[LINK] Battery back-up mandatory for NBN?

Adrian Chadd adrian at creative.net.au
Mon Oct 25 12:32:03 AEDT 2010


On Mon, Oct 25, 2010, Jan Whitaker wrote:

> What we do know is current copper services provide power the end 
> equipment on the analog system so if your street power goes off, you 
> still have a phone. But new end user equipment would not??
> 
> If a mobile phone battery goes dead, it needs a replacement, but if 
> the tower to which it is connecting dies, there is still no service.

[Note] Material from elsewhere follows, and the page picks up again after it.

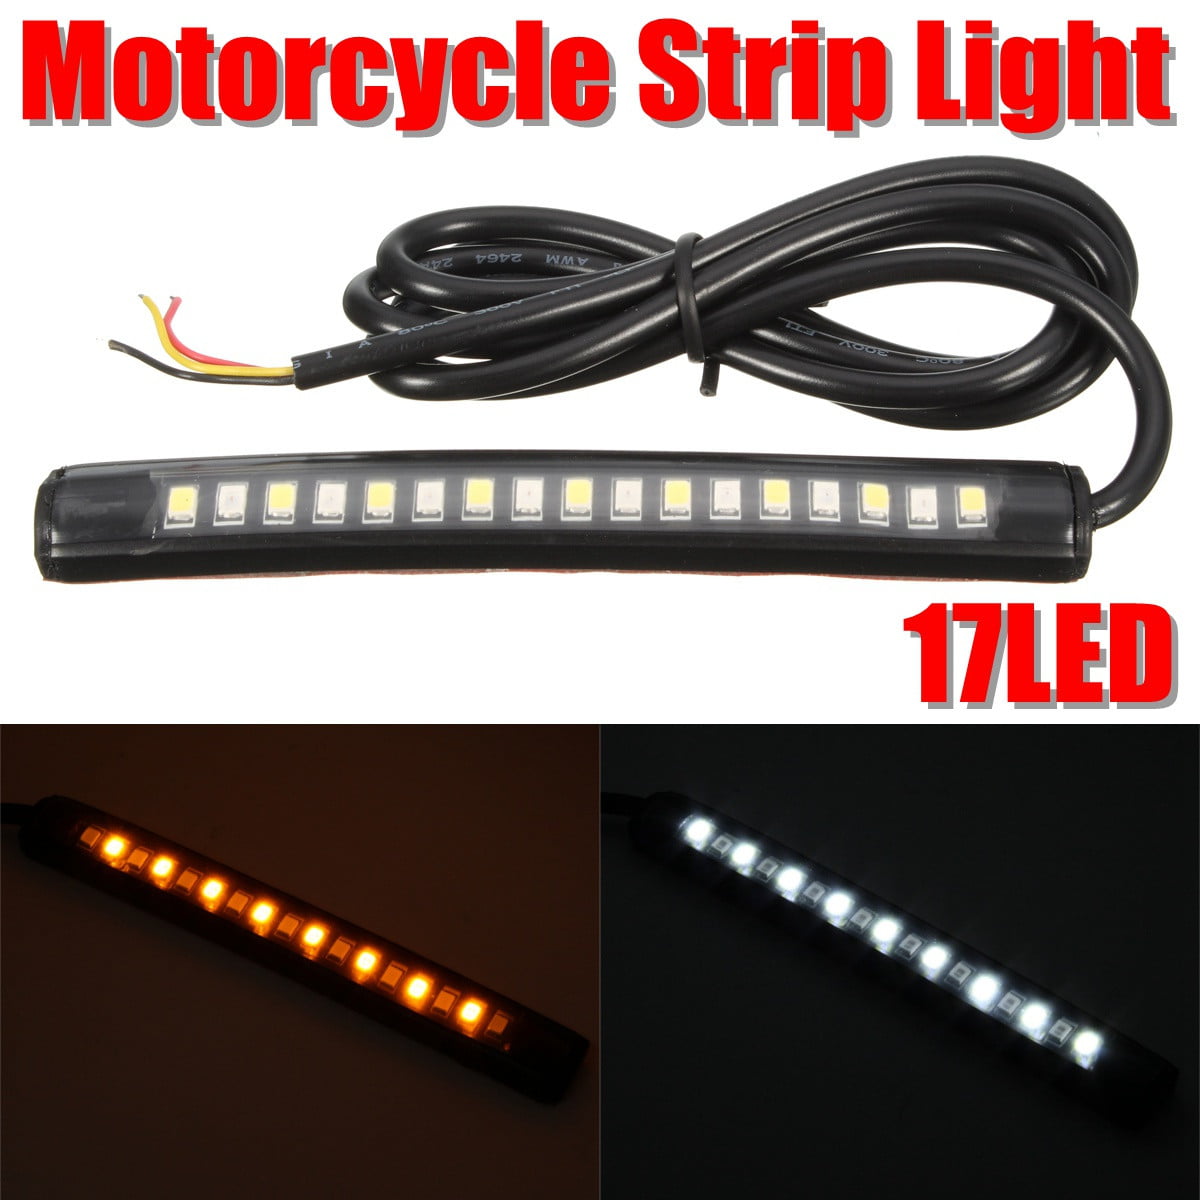 Alpena Flex Led Motorcycle Wiring Diagram from i5.walmartimages.com

This is sounding exactly like the same kinds of silly planning/costing
issues that creep up when developing VoIP solutions.

Old-school:
	* central PABX + central, large scale battery deployment
	* satellite PABX + smaller, satellite battery backups
	* everything gets x hours battery backup
	* periodic PABX battery tests and replacement
	* "PABX Is Expensive!" so money is (hopefully!) spent keeping
	  the failure-mode infrastructure tested and updated.

New-school:
	* (De)centralised VoIP infrastructure
	* All switches, distributed throughout the network, require
	  battery backup
	* .. at ~ 6W for some of the handsets, and > 6W for some of
	  the gigE cisco handsets..
	* Network design typically forgets to separate desktop and
	  VoIP infrastructure (since Cisco/etc sell you unifying them!)
	  and thus everything needs to be backed up.
	* .. so UPSes in every wiring closet? Hah.
	* .. and then even if that's done, small bits tend to be forgotten
	  until the first scheduled test of the failure systems (if they're
	  even performed)
	  : eg, media converters connecting to upstream ISP (eg that box
	    hooking you into Amnet/Optus)
	  : eg, that unknown router acting as a gateway to your DNS
	    infrastructure, which your VoIP infrastructure uses ..

Ah, fun times. As much as I'm glad I'm a spectator here, sometimes I really
would like to be involved in this stuff again.